После краткого изложения обстоятельств дела с точки зрения обвинения майор предложил приступить к заслушиванию свидетелей, с помощью показаний которых он собирался — несколько опрометчиво, подумал Тремейн — заставить подсудимого признать свою вину.

Первым пригласили Маллинза. Его позвал сержант, выставленный к двойным дверям, открывающимся в переднюю, где ожидали все вызванные свидетели.

Маллинз, выглядевший сейчас несколько менее солидно, чем обычно, — вследствие своего смятения и тревоги за капитана Тремейна, к которому он был сильно привязан, — в волнении поведал известные ему факты. Он рассказал, что возился в буфетной со столовым серебром, оставшись там на тот случай, если сэру Теренсу, все еще работавшему в своем кабинете, что-нибудь понадобится перед тем, как он пойдет спать. Сэр Теренс позвал его и...

— Сколько было времени, когда вас позвал сэр Теренс? — спросил майор.

— Часы в буфетной показывали десять минут первого, сэр.

— Вы уверены, что часы шли правильно?

— Твердо уверен, сэр. Я как раз проверил их тем вечером.

— Что ж, очень хорошо. Сэр Теренс позвал вас десять минут первого — пожалуйста, продолжайте.

— Он дал мне письмо, адресованное генерал-интенданту, сказав: «Отнеси это караульному сержанту и передай, что его нужно отправить утром как можно раньше». Я сразу вышел из дома и заметил лежащего на спине человека и еще одного, опустившегося рядом с ним на траву, и поспешил к ним. Все происходило яркой лунной ночью, светлой, как день, и я все хорошо видел. Стоявший на коленях джентльмен посмотрел на меня — это был капитан Тремейн, сэр. «Что случилось, сударь?» — спросил я. «Это граф Самовал, он убит, — ответил капитан. — Ради бога, идите и приведите кого-нибудь». Я поспешил обратно к сэру Теренсу, и сэр Теренс, выйдя со мной во двор, был поражен тем, что увидел. «Что произошло?» — спросил он, и капитан сказал то же, что и мне: «Это граф Самовал, он убит». — «Но как это произошло?» — задал вопрос сэр Теренс. «Я тоже хотел бы это знать, — ответил капитан. — Я нашел его здесь». После чего сэр Теренс повернулся ко мне и сказал: «Маллинз, вызовите караул», и я пошел.
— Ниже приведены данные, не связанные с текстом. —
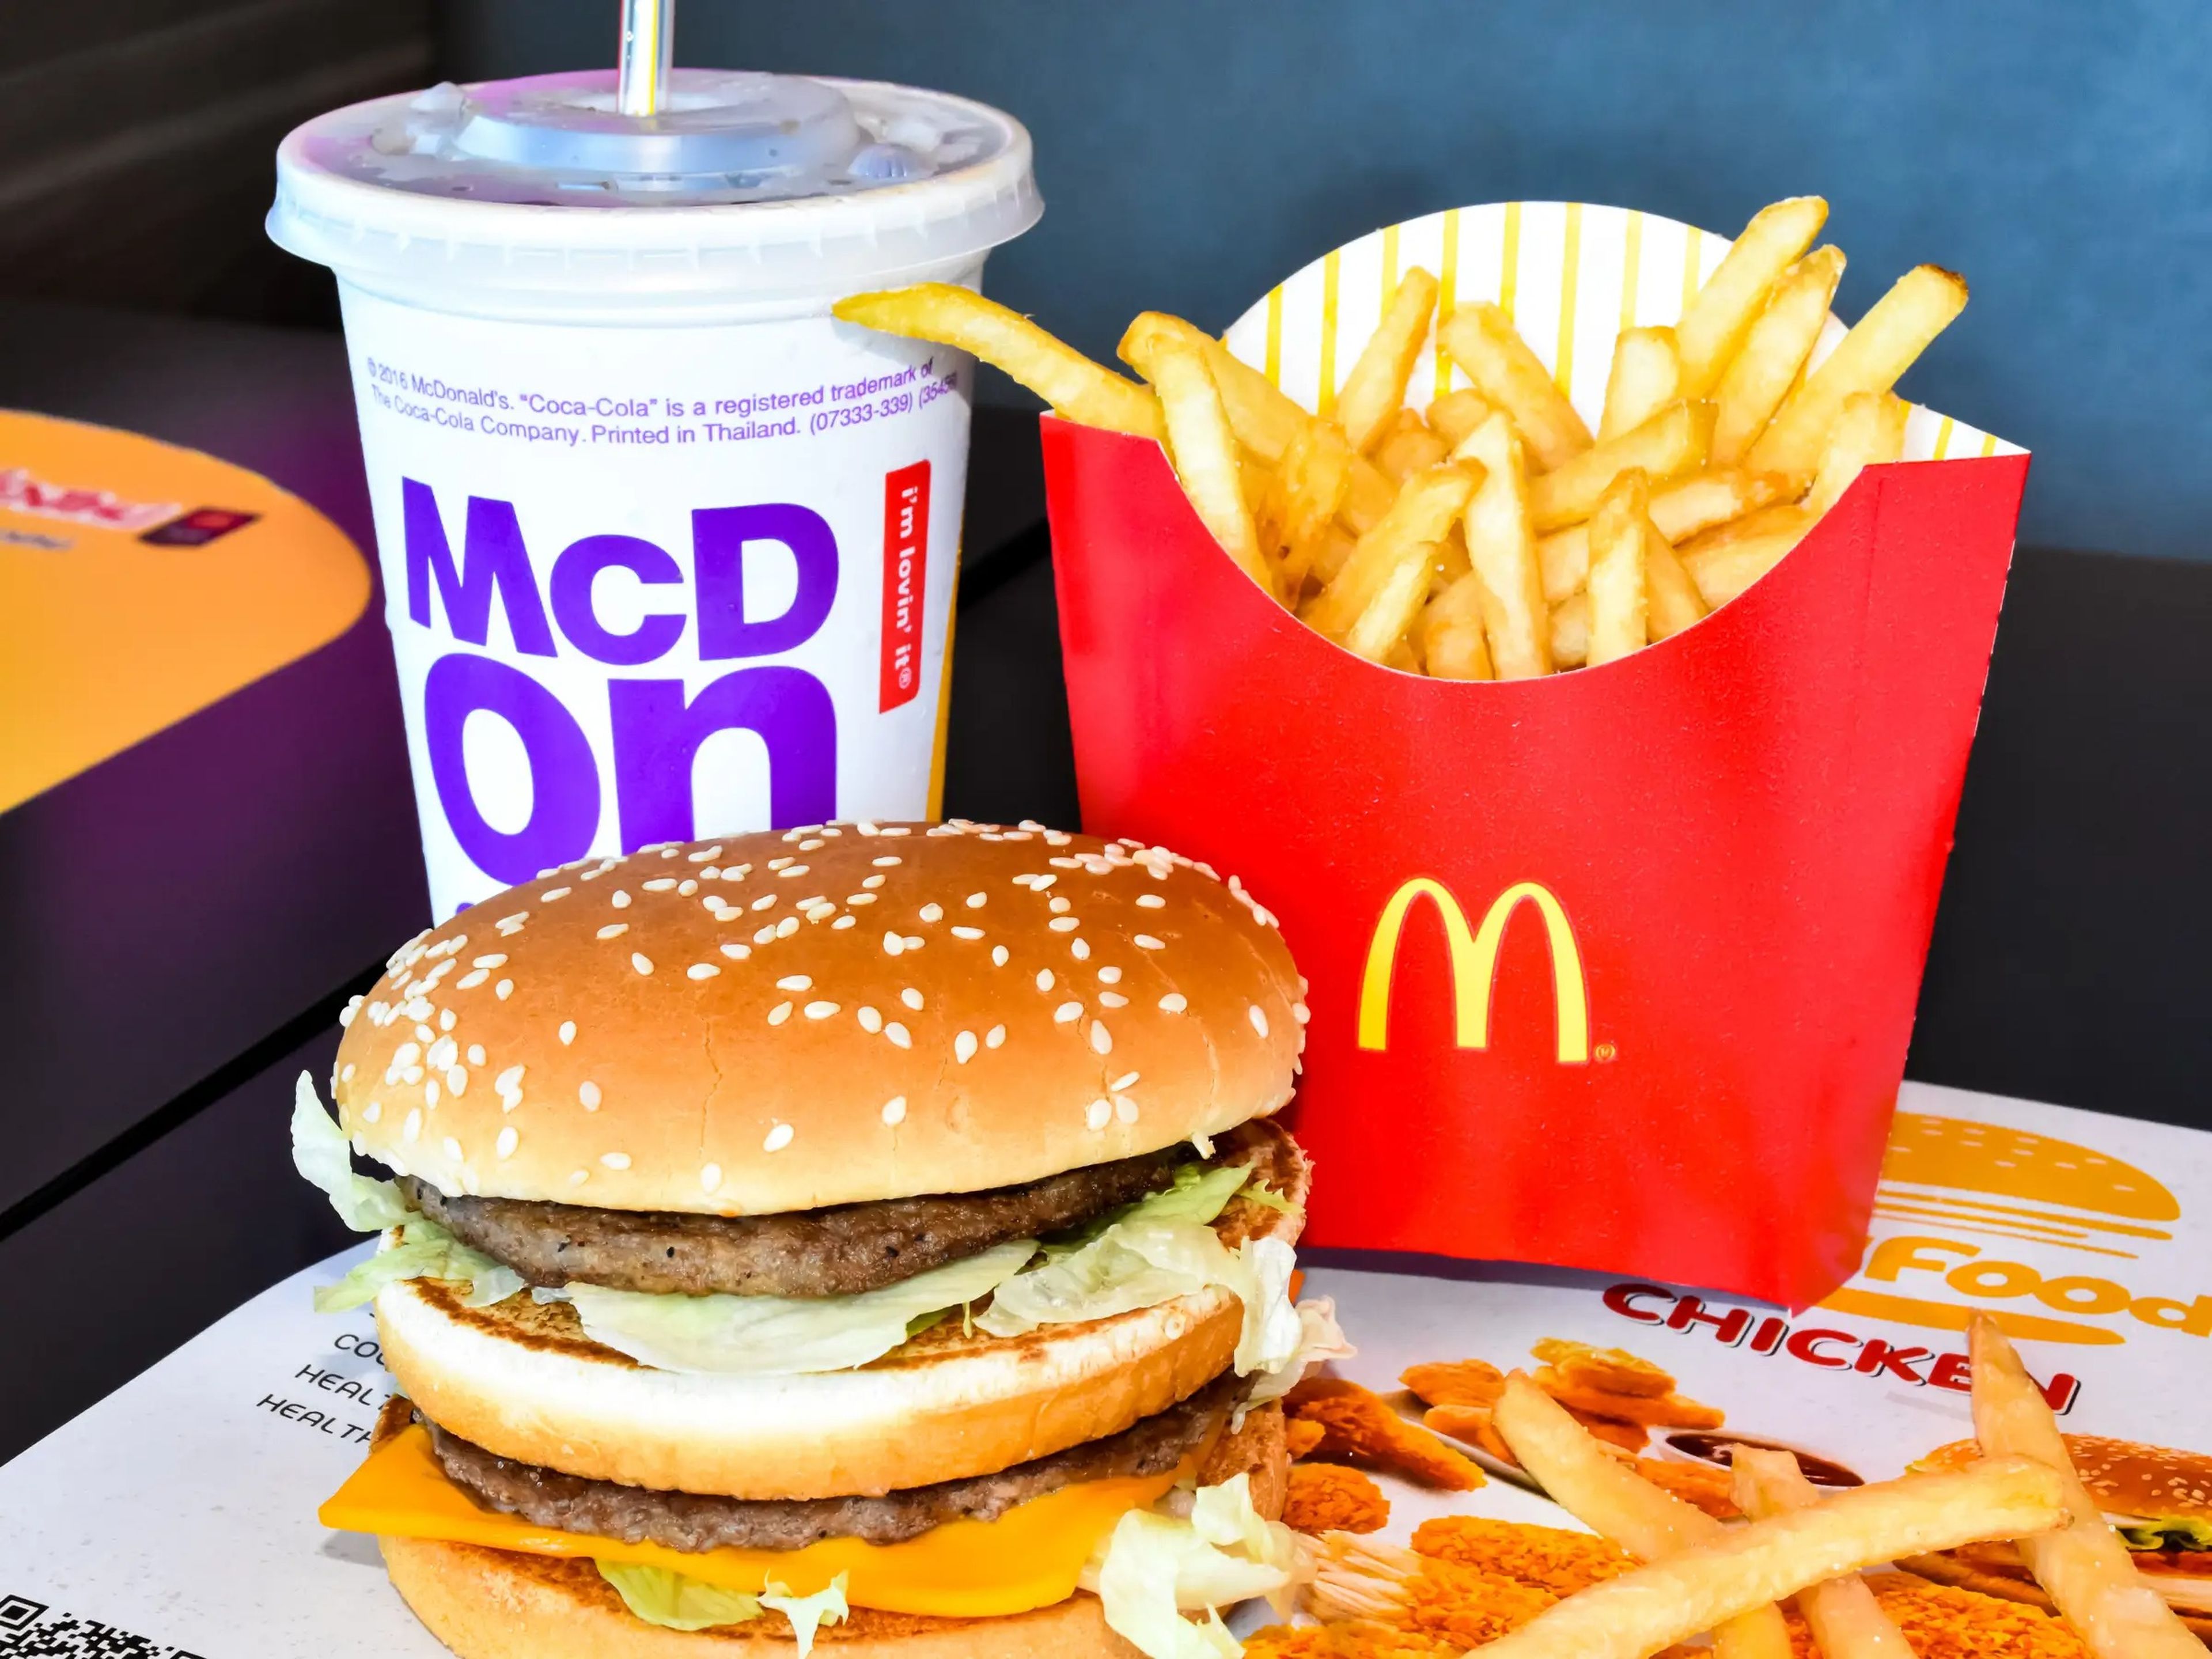 Las hamburguesas McDonald's son ultrafamosas, pero quizá no conozcas estos datos interesantes sobre ellas.

— Присутствовал ли там еще кто-нибудь? — спросил обвинитель.

— Нет, во дворе больше никого не было, сэр. Но леди О'Мой стояла на балконе своей комнаты все это время.

— Хорошо, значит, вы позвали солдат. Что было, когда вы вернулись?

— Прибыл полковник Грант, сэр. Как я понял, он проследовал за графом Самовалом.

— Откуда появился полковник Грант? — спросил председатель.

— Он вошел через ворота с террасы.

— Они были открыты?

— Нет, сэр. Сэр Теренс велел открыть калитку, когда полковник Грант постучал.

Сэр Харри кивнул, и майор Суон продолжил:

— Что случилось потом?

— Сэр Теренс сказал, что капитан арестован.

— Капитан Тремейн сразу повиновался?

— Ну нет, не сразу, сэр. Он, естественно, встревожился. «Боже правый! — воскликнул он. — Неужели вы думаете, что я убил его? Я сказал вам, что обнаружил его здесь в таком состоянии». — «Что вы здесь делали?» — спросил сэр Теренс. «Я шел к вам», — ответил капитан.

«С какой целью?» — вновь спросил сэр Теренс, после чего капитан рассердился, сказав, что он отказывается подвергаться допросу, и отправился под арест, как ему было приказано.

На этом показания дворецкого закончились, и прокурор посмотрел на обвиняемого.

— У вас есть какие-нибудь вопросы к свидетелю?

— Нет, — ответил капитан Тремейн. — Он рассказал обо всем, что знал, правдиво и точно.

Майор Суон предложил членам суда задавать свидетелю интересующие их вопросы. На это приглашение откликнулся лишь Каррадерз, побуждаемый тревогой за Тремейна и основывающейся в основном на их дружбе убежденностью в его невиновности, — он старался хоть что-нибудь сделать к его пользе.

— Как выглядел капитан Тремейн, когда он говорил с вами и сэром Теренсом?

— Обычно, сэр.

— Как по-вашему, он был встревожен?

— Ни капельки, сэр. Только когда сэр Теренс сказал, что он взят под арест, немного разгорячился.

— Спасибо, Маллинз.

Маллинз направился к выходу, но сержант у дверей сказал ему, что он волен остаться, если хочет, и Маллинз сел на одну из скамей, стоящих у стены.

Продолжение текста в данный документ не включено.